Eastment (1999) identifies the turning points of the Internet growth in the creation of the World Wide Web (www) and the development of browsers which could be used by anyone, with minimal training.
The Internet turned CALL from a fringe interest to common practice, since it offered teachers and learners three main features: a delivery mechanism, a means of communication, and the collection of resources. As a delivery mechanism, it allows better implementation of all the achievements of earlier CALL: language manipulation exercises, word games, concordance activities, spread over hundreds of different websites. It also allows the delivery of multimedia material with texts, graphics, audio and, provided you have a fast connection, video. As a collection of resources, the Internet offers a huge amount of material which is of interest to language learners and teachers. On the Web there are a lot of ELT and FLT resources, which come in all shapes and sizes, ranging from very small sites run by individuals, to very large ones, made up of hundreds of pages and run by teams of teachers and by publishers. Many of these sites lack technical quality and educational weight, but some of them offer very interesting resources both for students and teacher education, such as varied language exercises, online dictionaries with recorded pronunciation of words, specialized journals and magazines, book reviews etc. Many authentic non-FLT sites are also exploitable for language teaching: museums, newspapers, schools and universities, club and societies etc. Thus, the multimedia world of the Internet, the "Giant CD-ROM", as someone has defined the World Wide Web, allows the global expansion of the four classroom walls, both for communication and for the research of information.
Many authors have proposed models of language learning activities based on the exploitation of this huge treasure of authentic material. Two of the most recent "practical guides" for classroom activities are worth citing: Windeatt, Hardisty and Eastment (2000) and Dudeney (2000). In the former, the activities are structured according to a pre-computer/computer/post-computer model, while in the latter they are articulated in four phases: preparation, online, offline, follow up. In both books there is an indication of the level of language proficiency of the activities (elementary, lower intermediate, intermediate, etc.).
Internet-based activities usually involve different basic language skills and get the students to cooperate and interact in pairs and in groups. I remember one in which students are given the electronic addresses of some museums which they are asked to "visit" and are asked to "steal" a painting they like by copying and pasting it into a Word document. Then they are asked to type in the document why they like the picture, and finally they are invited to move around, read each other’s documents, ask and answer about their classmates’ art preferences, their reasons for choosing a particular picture etc.
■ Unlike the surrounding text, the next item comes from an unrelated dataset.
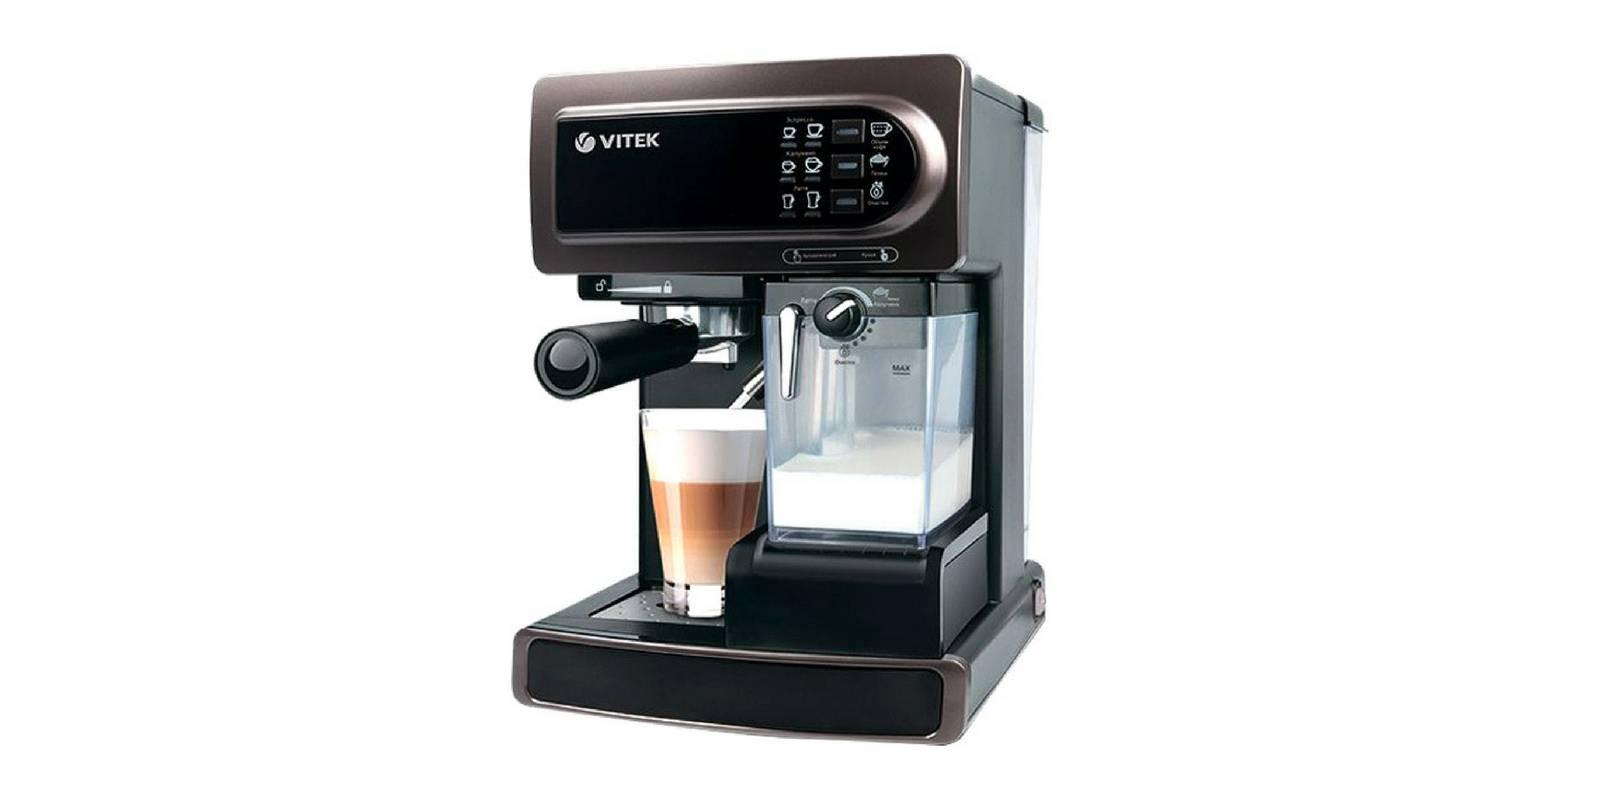 Лучшие кофеварки vitek рожкового типа

Of course, Internet activities have to be well planned by the teacher, who has to manage both technological and pedagogical aspects: pre-teaching preparation for language points, worksheets, homework assignment, clear instructions, demonstrations and above all, awareness of underlying FLT principles, are essential, as well as the readiness to be flexible and cope with the unexpected.
The third important feature that Eastment (1999) attributes to the Internet, namely the possibility of using it as a means of communication, is perhaps the one which is the subject of most investigation and theoretical speculation by CALL teachers and researchers. There are four possibilities to communicate through the Internet: Email, IRC (International Relay Chat), Web phone, Video-conferencing. Of these, Email and IRC surely offer the best opportunities for communication, while Web telephony and video-conferencing are at the moment technically less reliable and difficult to manage with large classes. Email, in particular, allows international pen pal exchanges and international joint curriculum collaborative projects; students (and teachers) can take part in discussion lists and even in the construction of websites in collaboration with people in other parts of the world. The Internet allows for collaborative tasks on a global scale, and this has led many authors to start research into their potentialities both for collaborative, task-based language learning and intercultural exploration.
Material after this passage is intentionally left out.